Governance Framework
Deployers (insurers using AI systems) must implement a governance program that includes:
- Risk assessment. Before deploying an AI system, you must assess the risk of algorithmic discrimination. This is not a one-time check; you must reassess at least annually or when the system is materially modified.
- Documentation. You must maintain records of what AI systems you use, what decisions they influence, what data they were trained on, and what testing you have performed. The documentation must be sufficient for a regulator to understand your AI decision-making process.
- Impact assessments. For high-risk AI systems (which includes underwriting and pricing models), you must complete impact assessments that analyze the potential for unfair discrimination based on protected classes (race, gender, age, disability, and others).

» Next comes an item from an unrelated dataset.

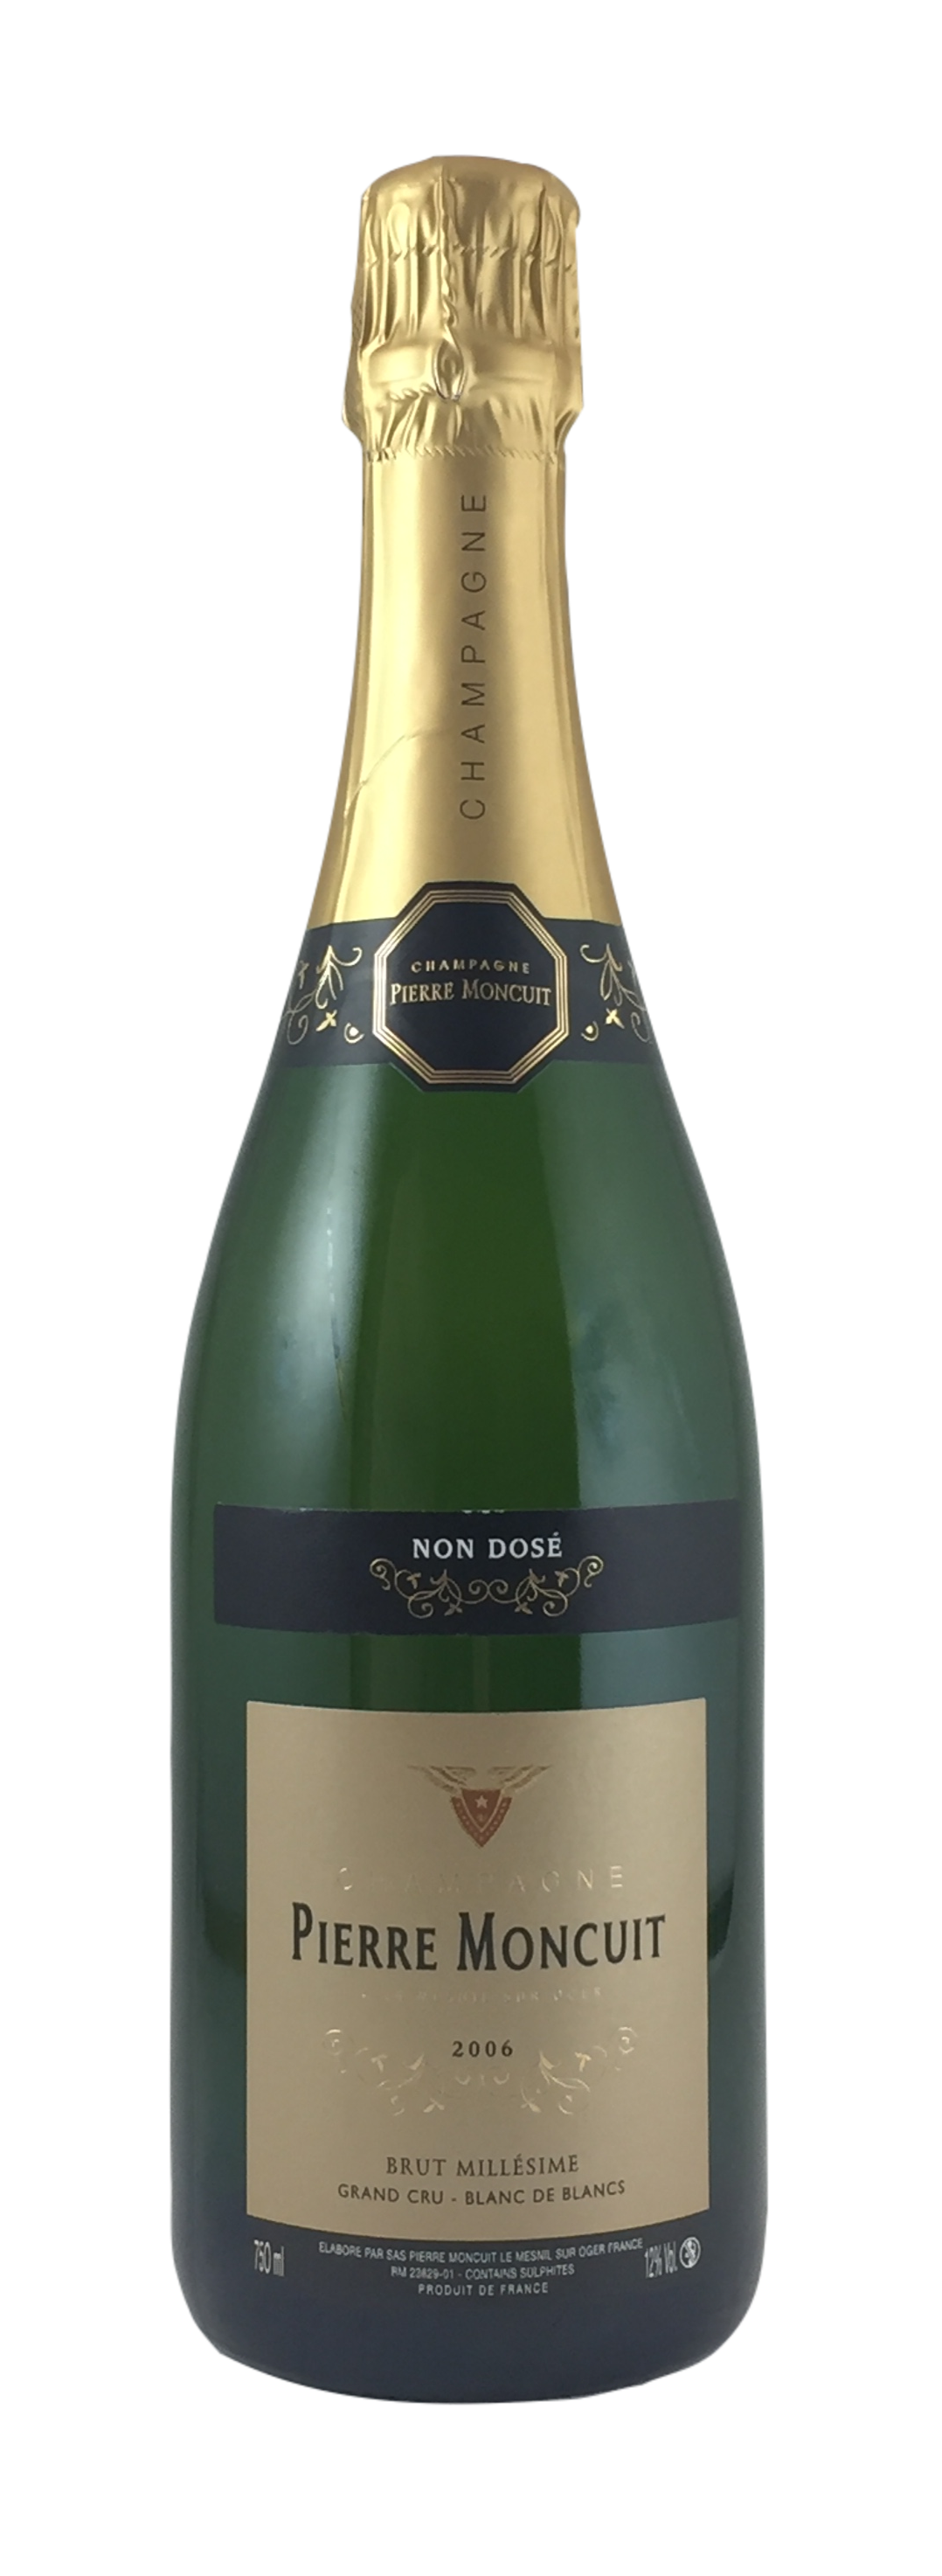 Champagne Pierre Moncuit - Blanc de BlancMillesime 2006 Non Dose
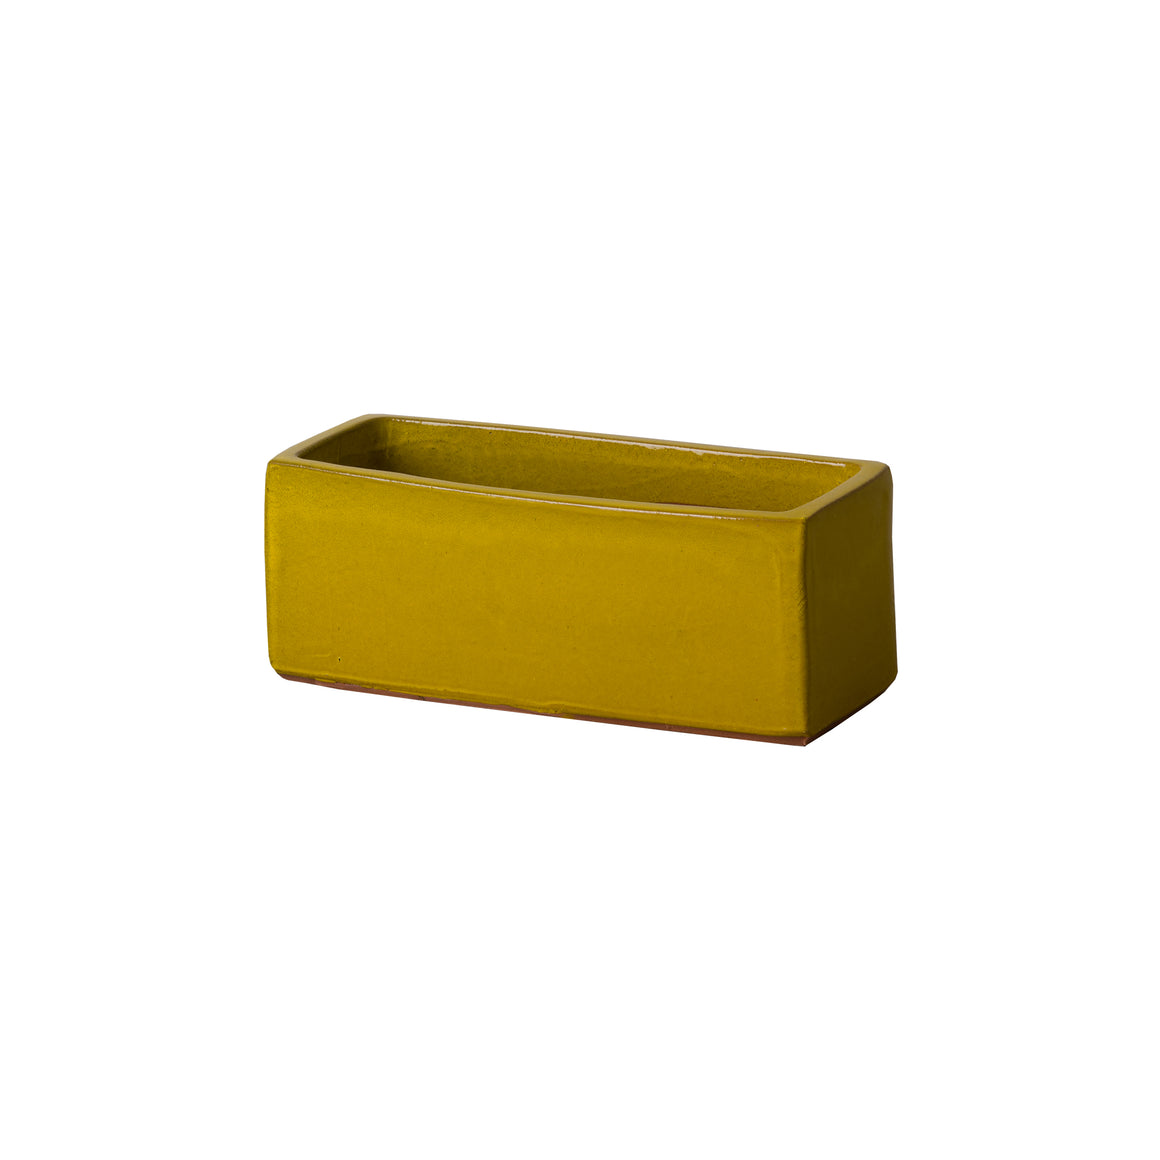 Small Window Box Planter with a Mustard Yellow Glaze

Testing for Unfair Discrimination
This is the core requirement that most affects day-to-day operations. SB 24-205 requires deployers to:
- Test AI outputs for disparate impact across protected classes before deployment and on an ongoing basis.
- Document testing methodology including the statistical methods used, the protected classes tested, and the results.
- Take corrective action if testing reveals unfair discrimination. “Corrective action” can mean model adjustment, additional human oversight, or discontinuing use of the system.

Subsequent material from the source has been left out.